Lecture 7 - Template-Based Representations

1. Foundations of Temporal Models

The primary goal of temporal models is to represent how a system's state changes over discrete time slices ( $Δ, 2 Δ, . . ., T Δ$ ).

State Space: The system's state at any given time $t$ is represented by a set of random variables, denoted as $X^{(t)} = {X_{1}^{(t)}, . . ., X_{n}^{(t)}}$ .
The Chain Rule: To find the probability of a specific sequence of events (a trajectory) over time, you use the chain rule: $P (X^{(0 : T)}) = P (X^{(0)}) \prod_{t}^{T - 1} P (X^{(t + 1)} | X^{(0 : t)})$ .
The Markov Assumption: To simplify the math, these models assume that the future is independent of the past, given the present. This reduces the complex chain rule to $P (X^{(t + 1)} | X^{(t)})$ .

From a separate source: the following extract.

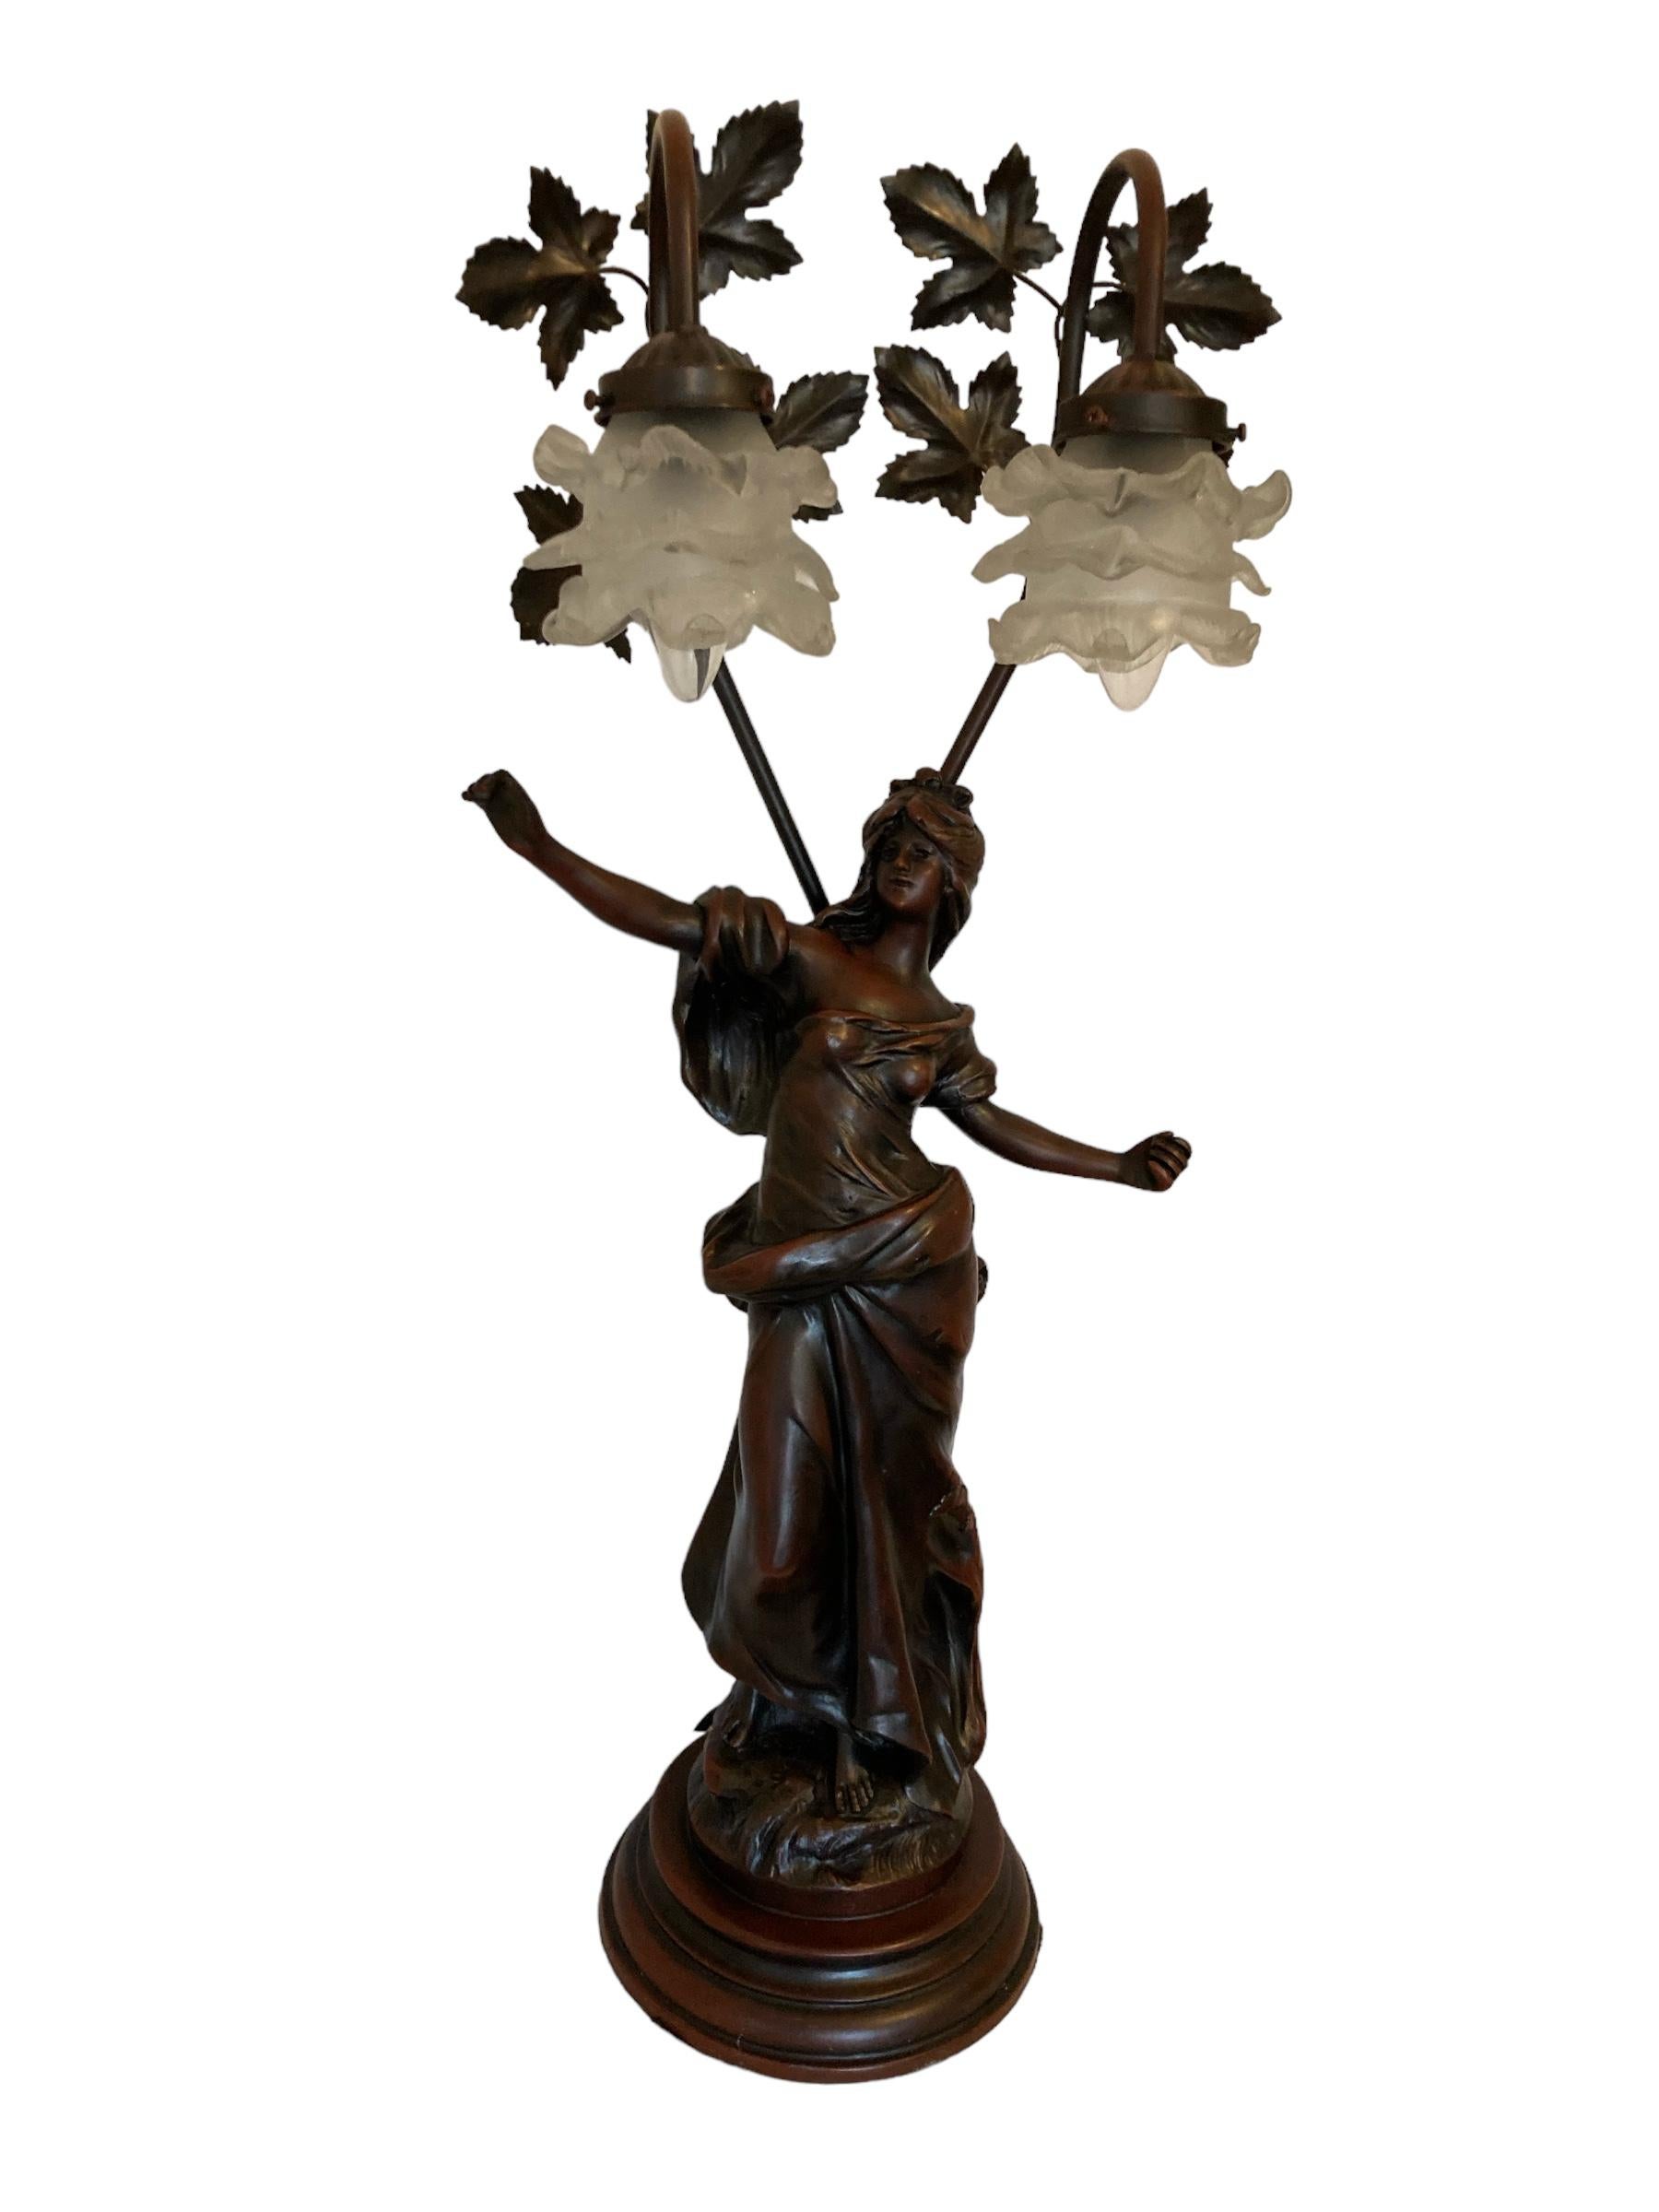 Lámpara de sobremesa vintage de escultura figurativa de Auguste Moreau con pantallas de cristal. La escultura está hecha de espelta, con un acabado de bronce antiguo. Esculturas de Louis Auguste Moreau (1855-1919) que, junto con su hermano Hippolyte

2. Hidden Markov Models (HMMs)

An HMM is a temporal model where the true state of the system is hidden (latent), but we can measure observable evidence.

Structure: It consists of Hidden Variables ( $S^{(t)}$ ) and Observations ( $O^{(t)}$ ), linked by an Observation Model $P (O^{(t)} | S^{(t)})$ .
Example (The Robot & The Rain): A robot indoors wants to know if it's raining ( $R$ ), which is the hidden state. It can only observe if people are carrying umbrellas ( $U$ ). By combining the transition model (how likely rain continues from yesterday) and the sensor model (how likely umbrellas mean rain), the robot uses Bayes' rule to update its belief about the weather. more on it here

3. Dynamic Bayesian Networks (DBNs)

DBNs are a generalization of HMMs. While an HMM uses a single, atomic variable for the hidden state, a DBN uses a factored representation—meaning the hidden state is broken down into multiple interconnected variables.

Components: A DBN requires an Initial Network defining the starting state ( $B_{0}$ ) and a Transition Model defining how states evolve across time slices.
Flexibility: Because they factor the state, DBNs scale better and can model overlapping causal influences compared to the rigid structure of HMMs.
Example: Expanding the weather example, a DBN might split the hidden state into two variables: Rain ( $R_{t}$ ) and Wind ( $W_{t}$ ), both of which independently transition over time but jointly influence the observation of an Umbrella ( $U_{t}$ ). more on it here

4. Linear Dynamical Systems (LDS) & The Kalman Filter

While HMMs and DBNs generally deal with discrete probabilities, a Linear Dynamical System models continuous state evolution. It relies on linear algebra for transitions and assumes Gaussian (normal) noise.

The Kalman Filter: This is the optimal mathematical algorithm used to estimate the hidden state in an LDS, heavily used in robotics for tracking and localization.
The Two-Step Loop:
1. Prediction (Time Update): The system projects the state forward mathematically based on movement and control inputs. Because of inherent process noise ( $Q$ ), uncertainty always increases during this step.
2. Correction (Measurement Update): The system takes a noisy sensor reading and uses it to correct the prediction.
The Kalman Gain ( $K$ ): This is the crucial weighting factor used during the Correction phase. It determines what to trust more:
- If sensors are highly accurate, $K \to 1$ , and the filter heavily trusts the measurement.
- If the prediction is highly accurate, $K \to 0$ , and the filter heavily trusts the prediction.
Result: By balancing the prediction and the measurement, the overall uncertainty (Error Covariance, $P$ ) drops significantly.

Comparing the Models

The lecture provides a useful matrix to distinguish these approaches:

HMM: Discrete state space, solved via Forward-Backward algorithms.
LDS: Continuous state space, solved via the Kalman Filter.
DBN: Mixed/Factored state space, often requiring complex Particle Filters to solve due to NP-Hard complexity.